**Source material**
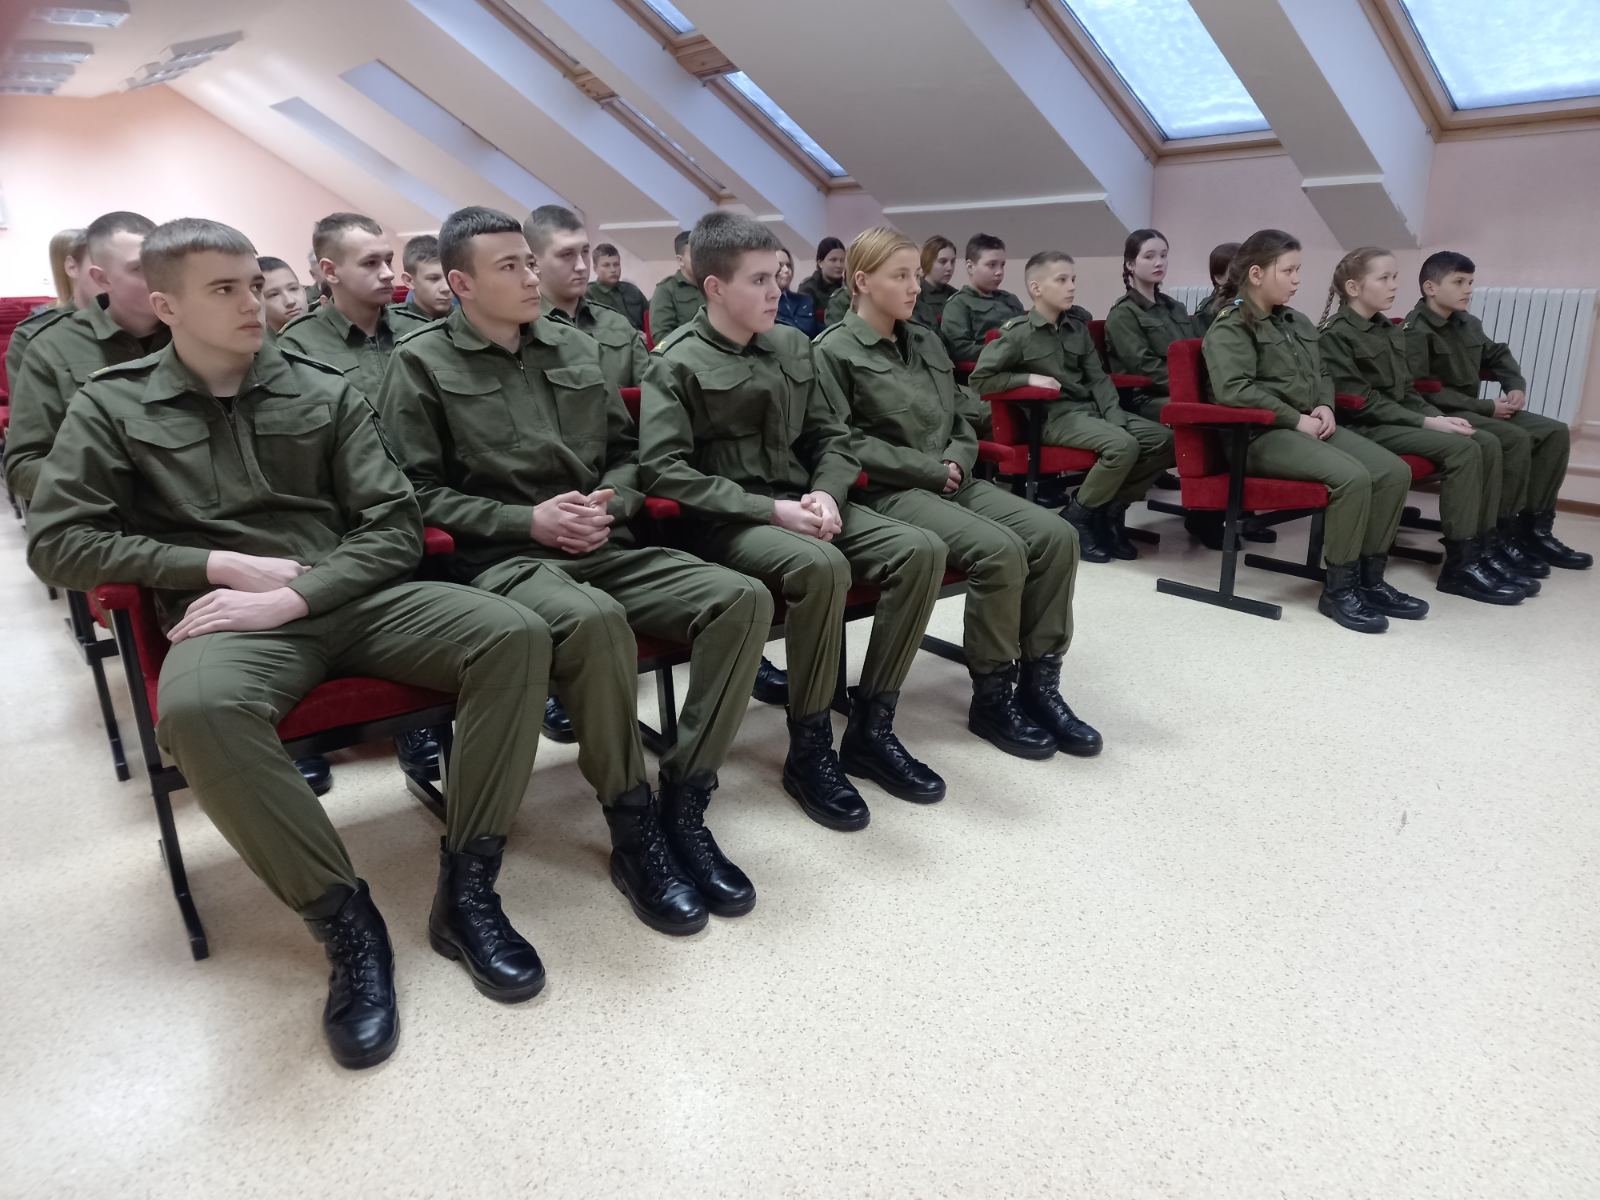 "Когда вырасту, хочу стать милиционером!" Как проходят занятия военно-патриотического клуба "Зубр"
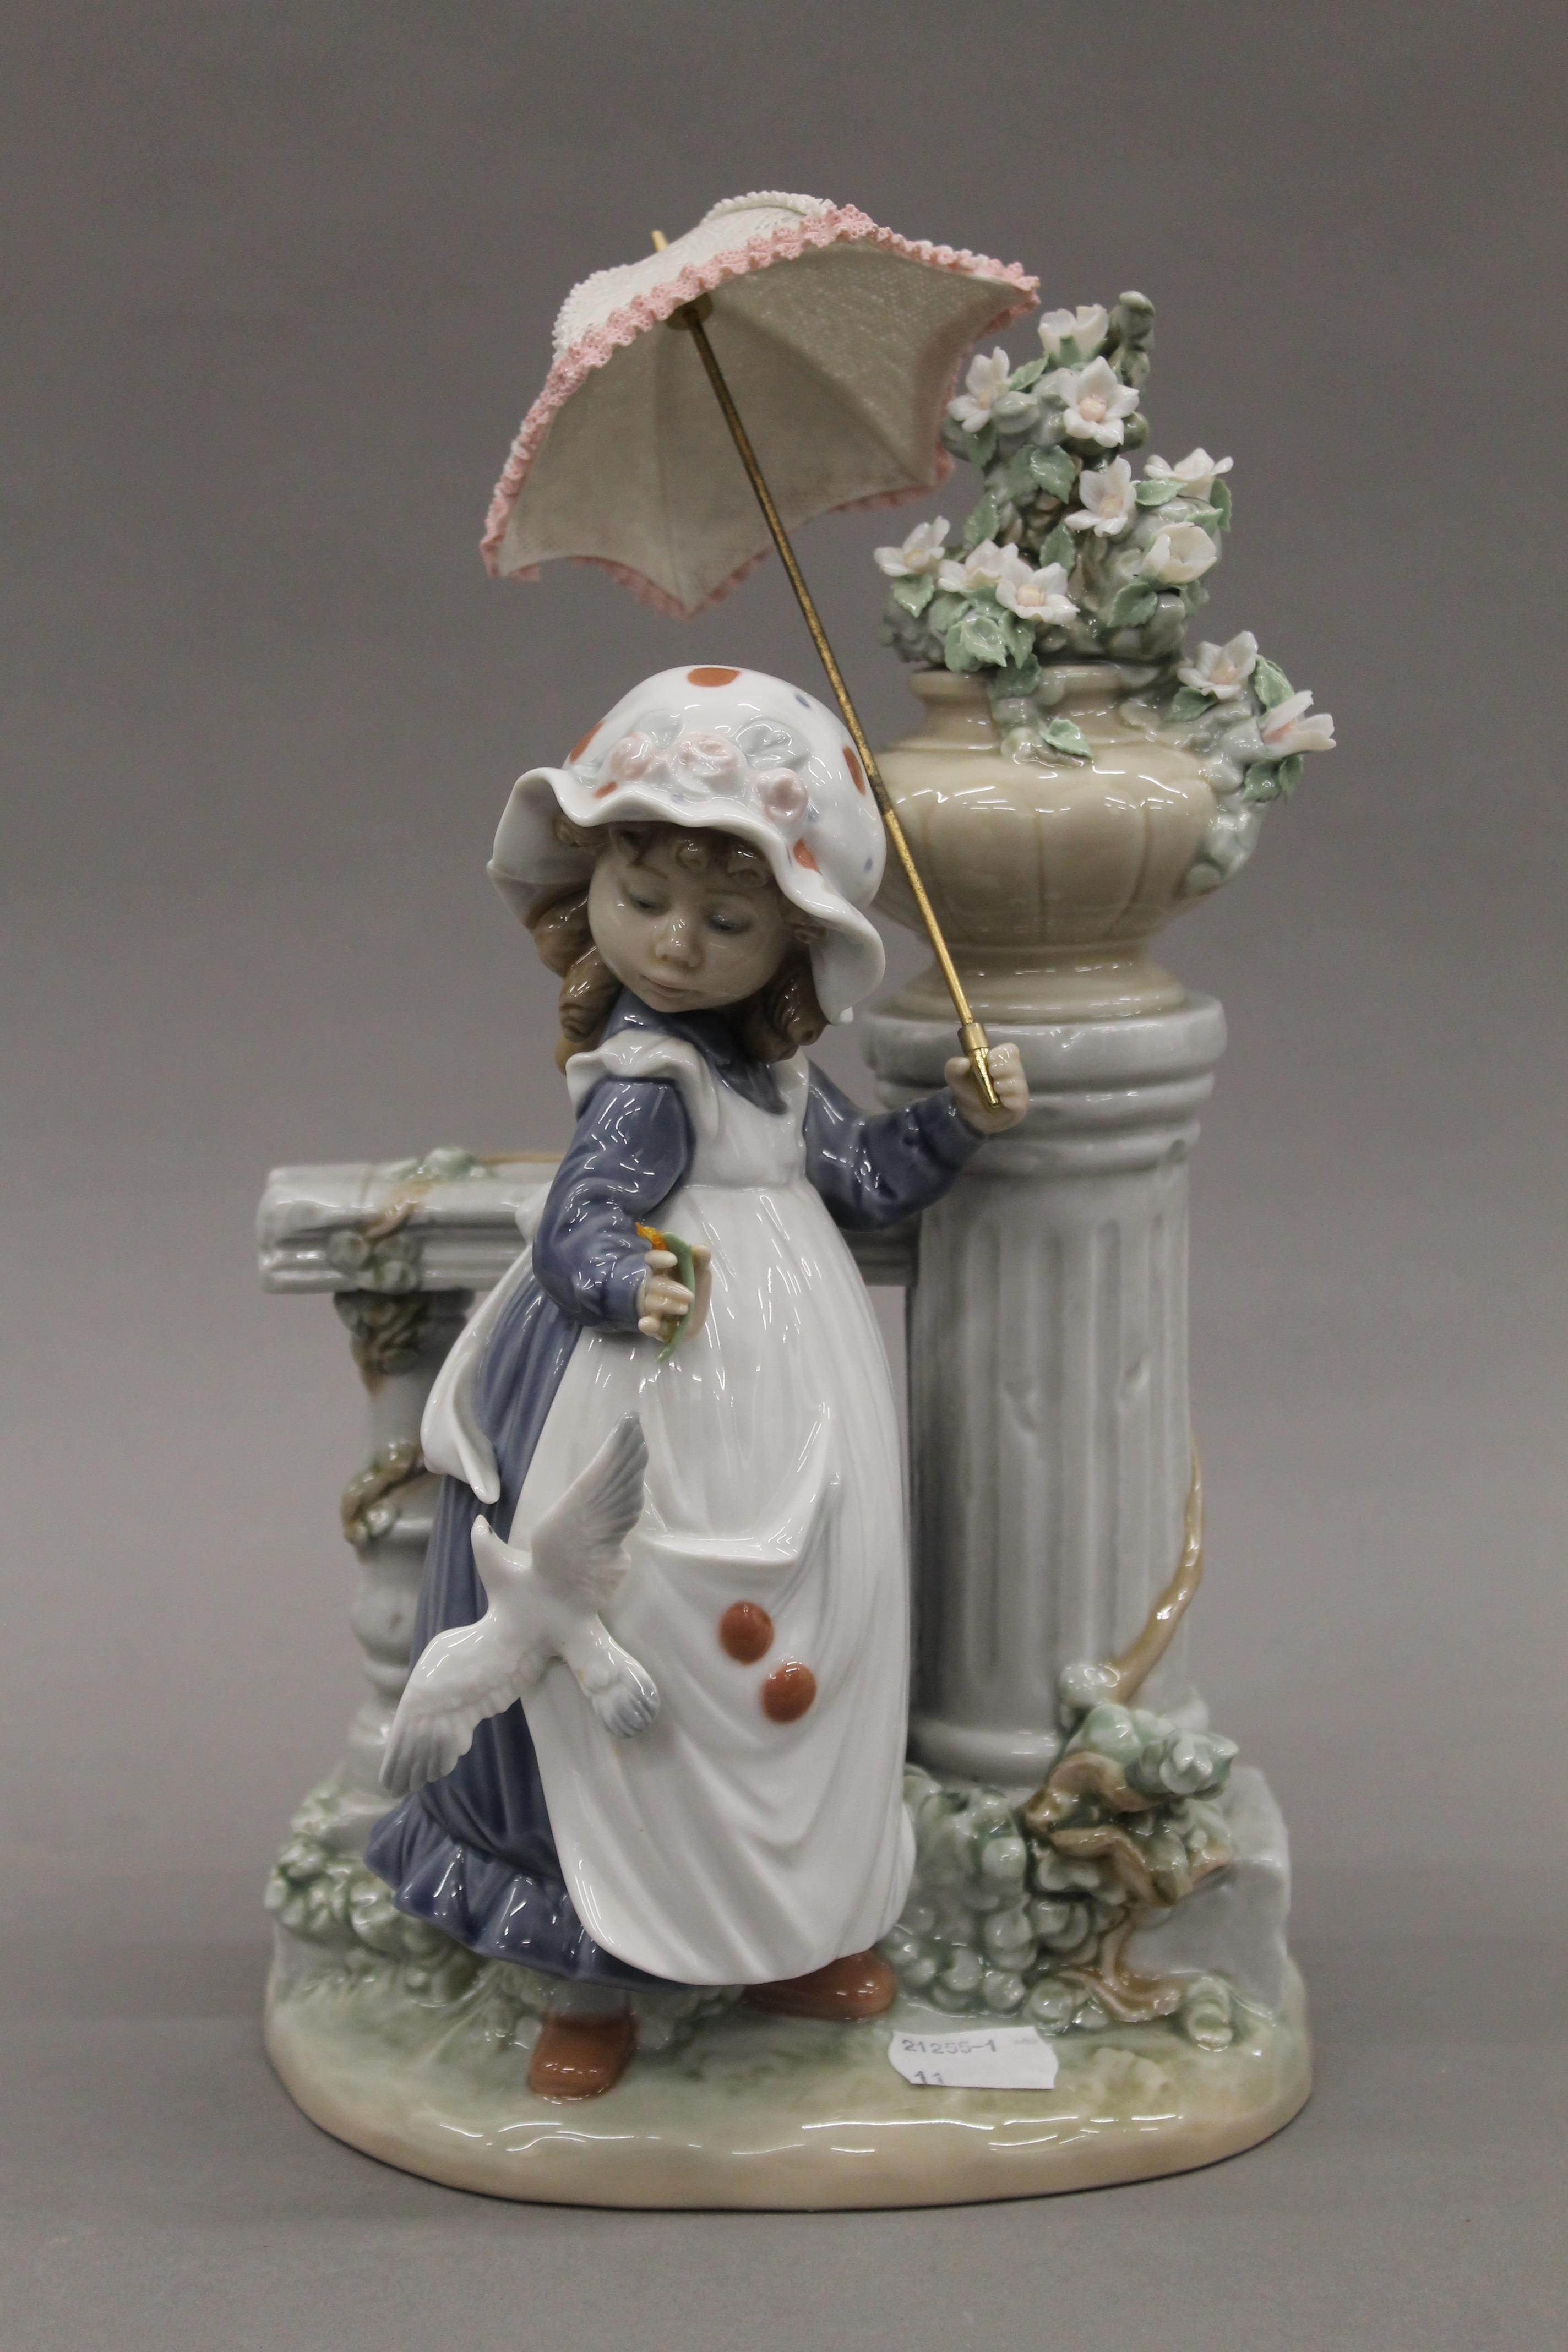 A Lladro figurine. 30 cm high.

* * *

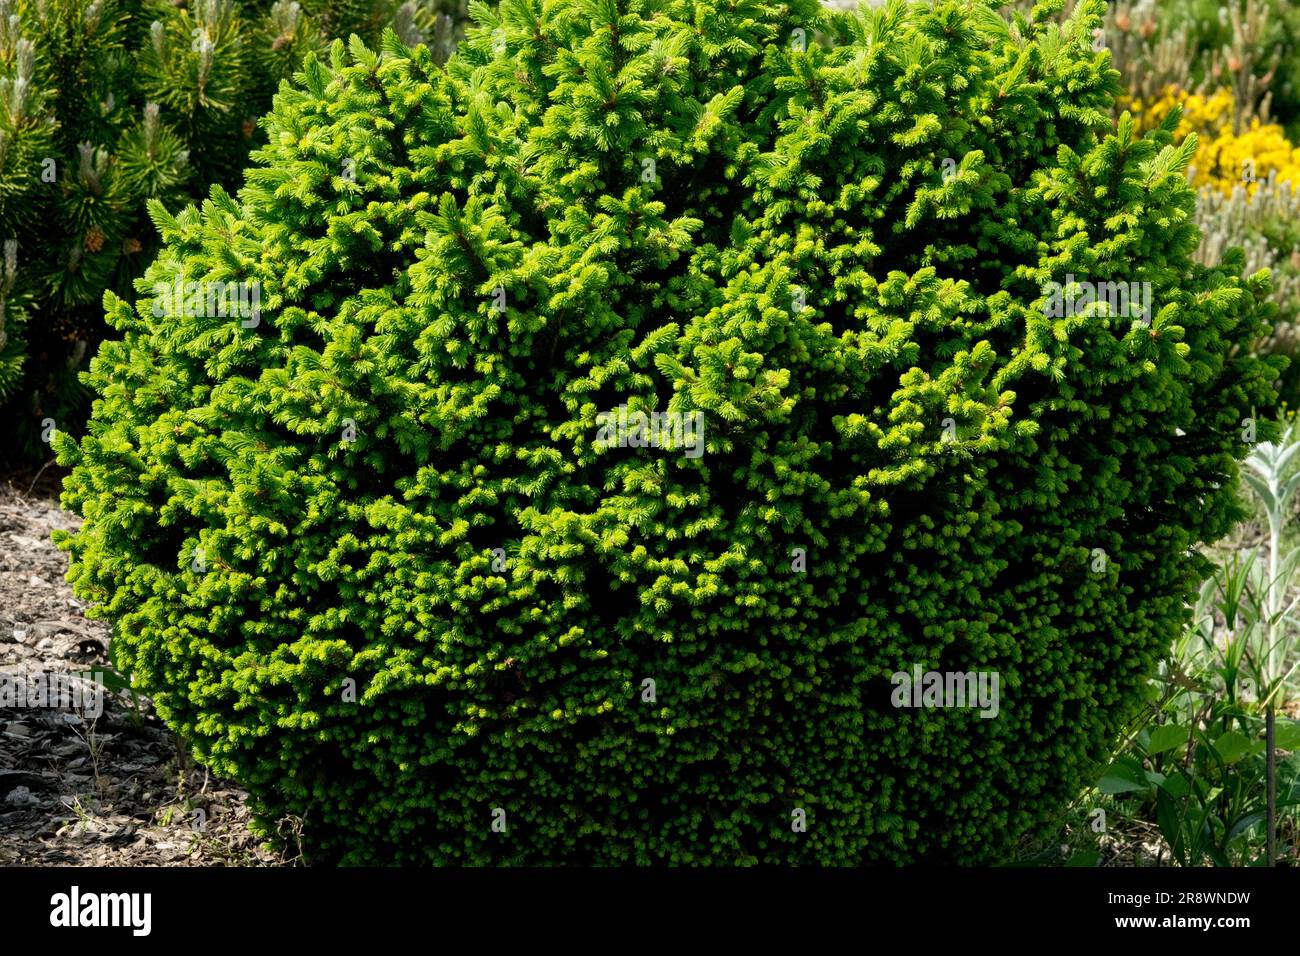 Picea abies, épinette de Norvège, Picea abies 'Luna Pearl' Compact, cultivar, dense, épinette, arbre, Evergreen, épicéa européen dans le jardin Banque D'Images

**Aim of the exercise**
Which part of the entries opens with the line containing "вырасту, хочу стать" and closes with the line containing "A Lladro figurine. 30 cm high."? Output that part exactly, ends included, pictures excluded.

**Task result**
 "Когда вырасту, хочу стать милиционером!" Как проходят занятия военно-патриотического клуба "Зубр"
 A Lladro figurine. 30 cm high.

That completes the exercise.